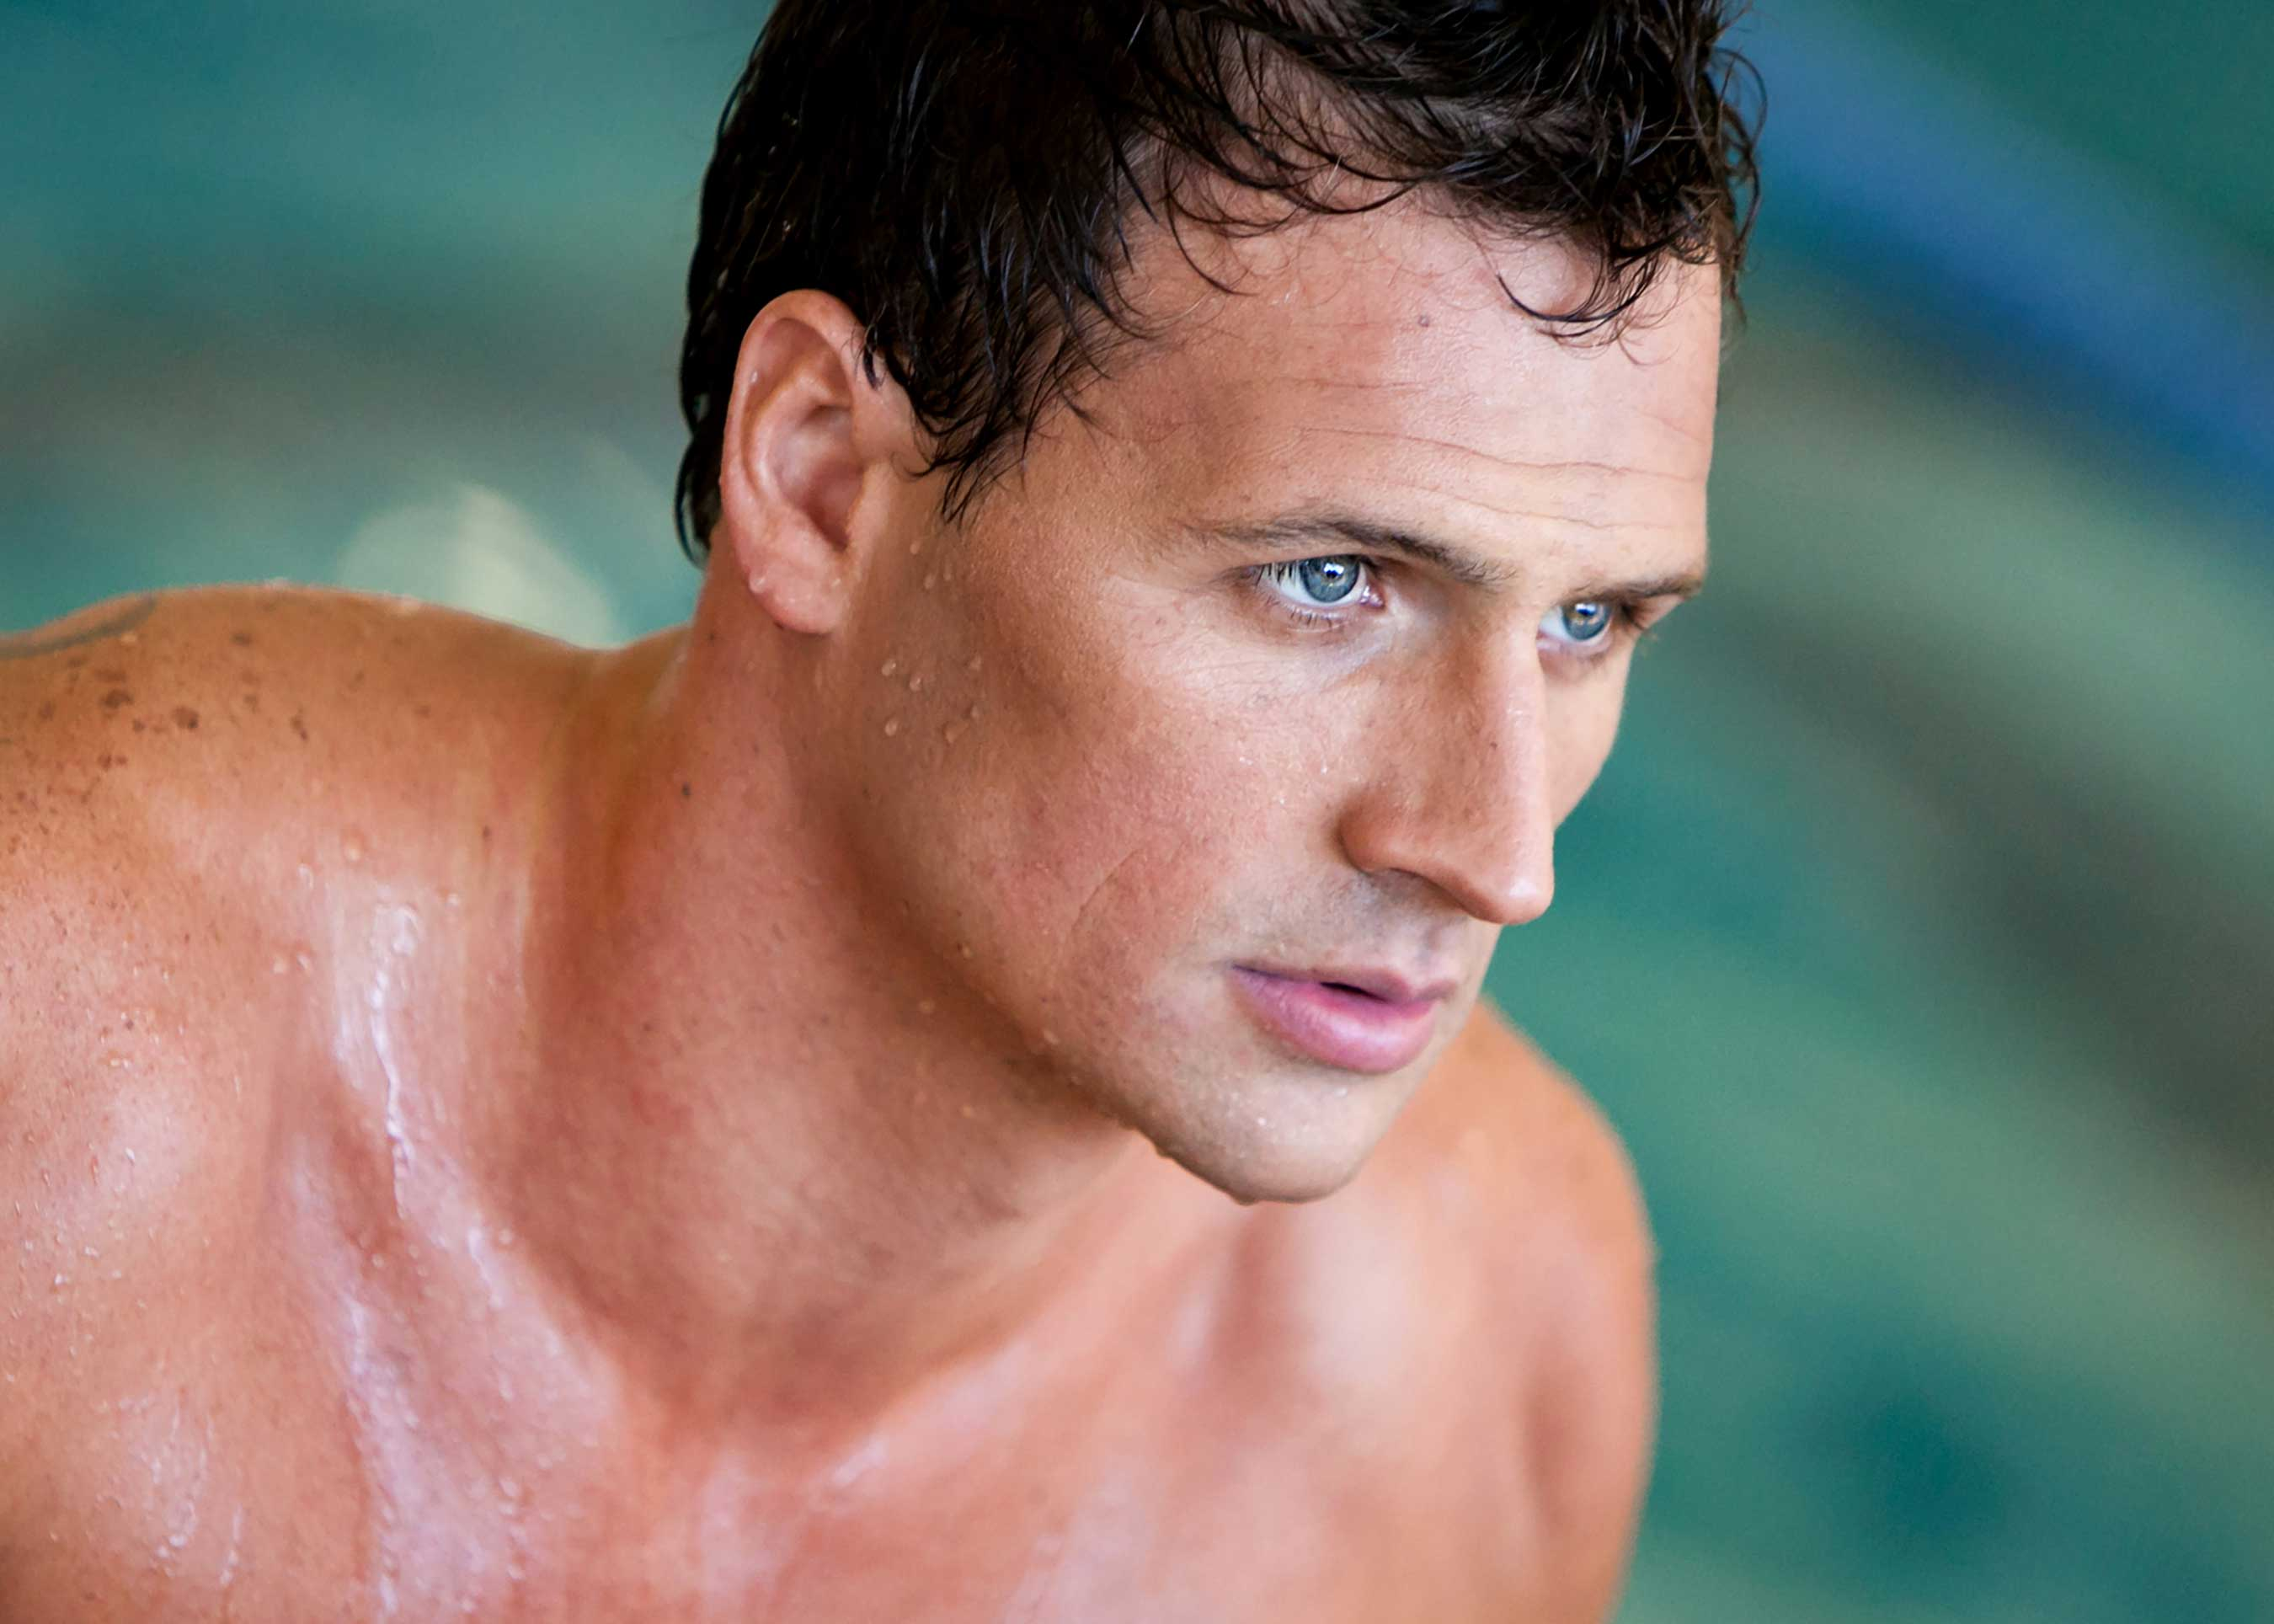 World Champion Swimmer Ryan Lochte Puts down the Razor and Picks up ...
---
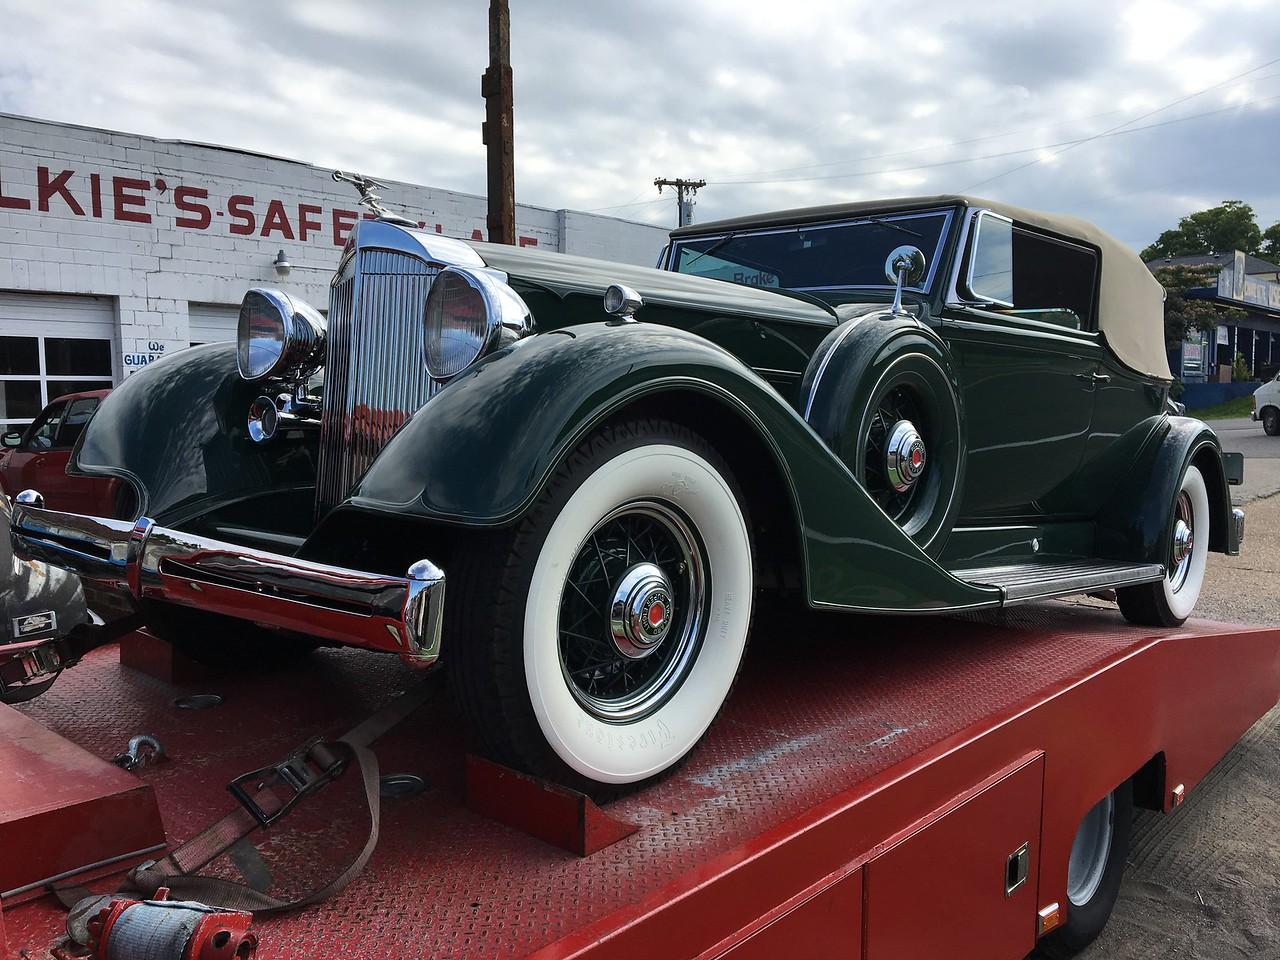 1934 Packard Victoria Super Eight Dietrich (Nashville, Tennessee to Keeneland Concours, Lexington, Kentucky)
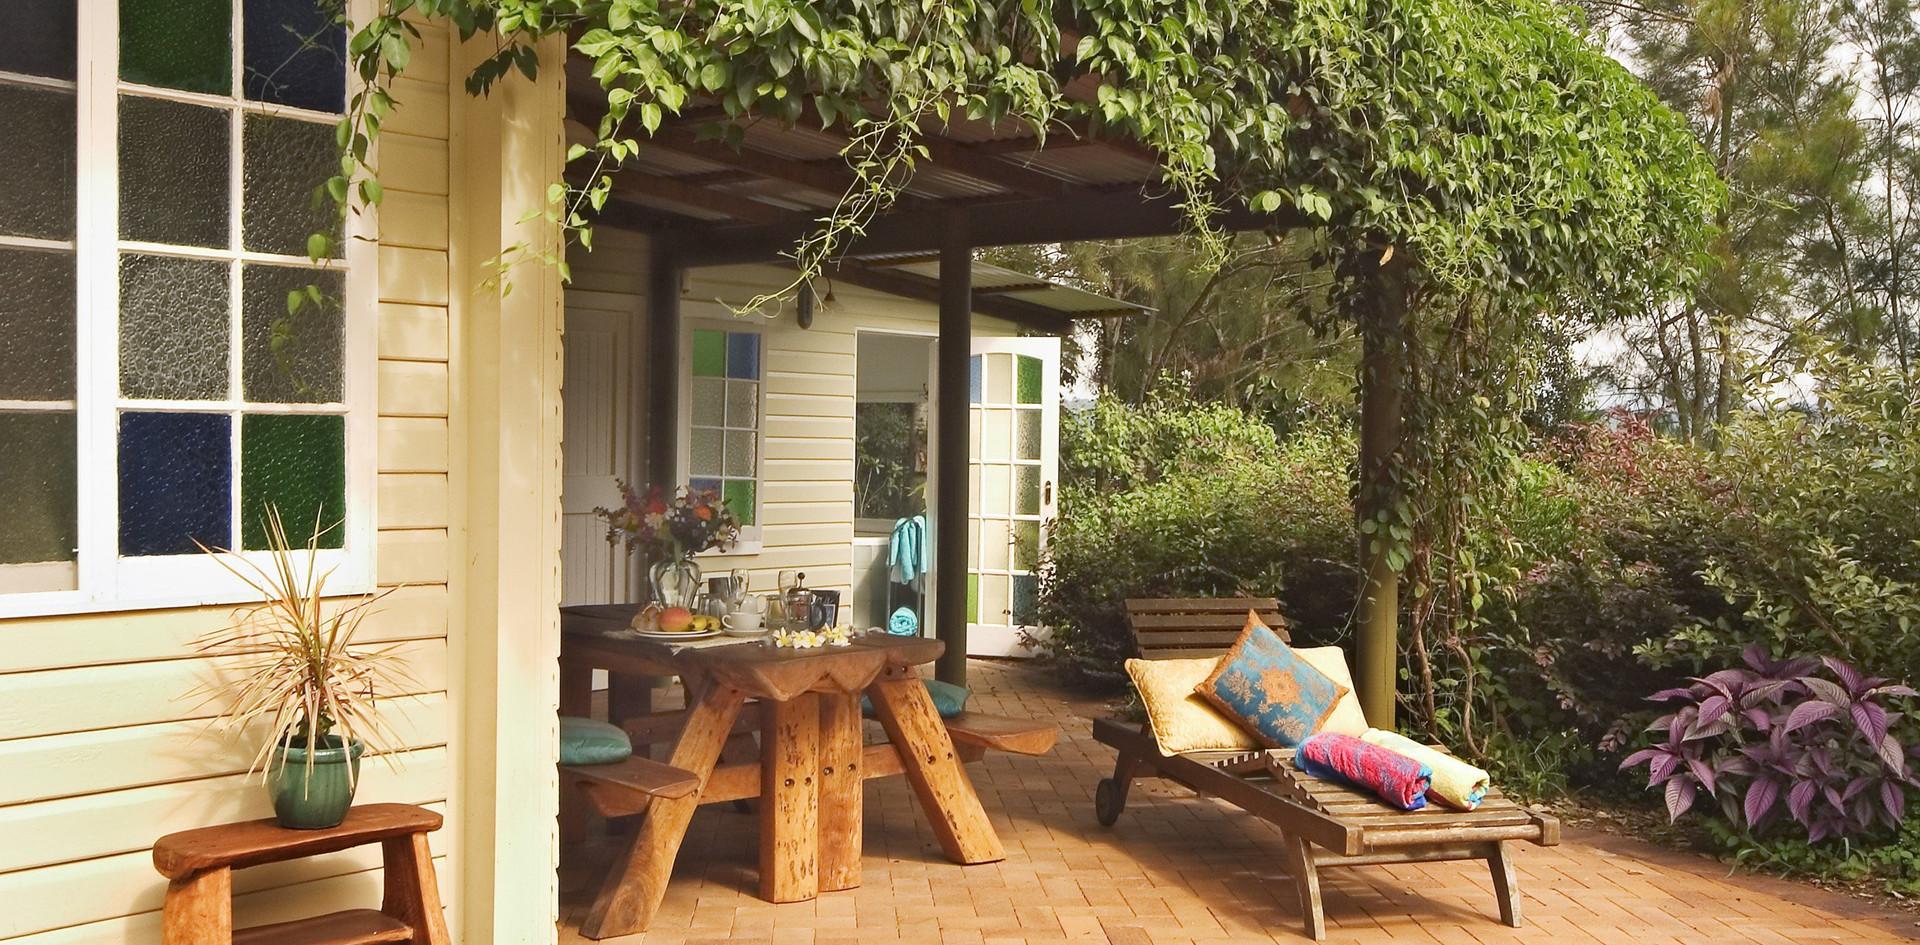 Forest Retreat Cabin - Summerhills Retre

__Description of the task__
Would you please reproduce the entries above, starting at the line with "1934 Packard Victoria" and stopping after the line with "Forest Retreat Cabin - Summerhills Retre"? Omit any pictures.

__Solution to this task__
 1934 Packard Victoria Super Eight Dietrich (Nashville, Tennessee to Keeneland Concours, Lexington, Kentucky)
 Forest Retreat Cabin - Summerhills Retre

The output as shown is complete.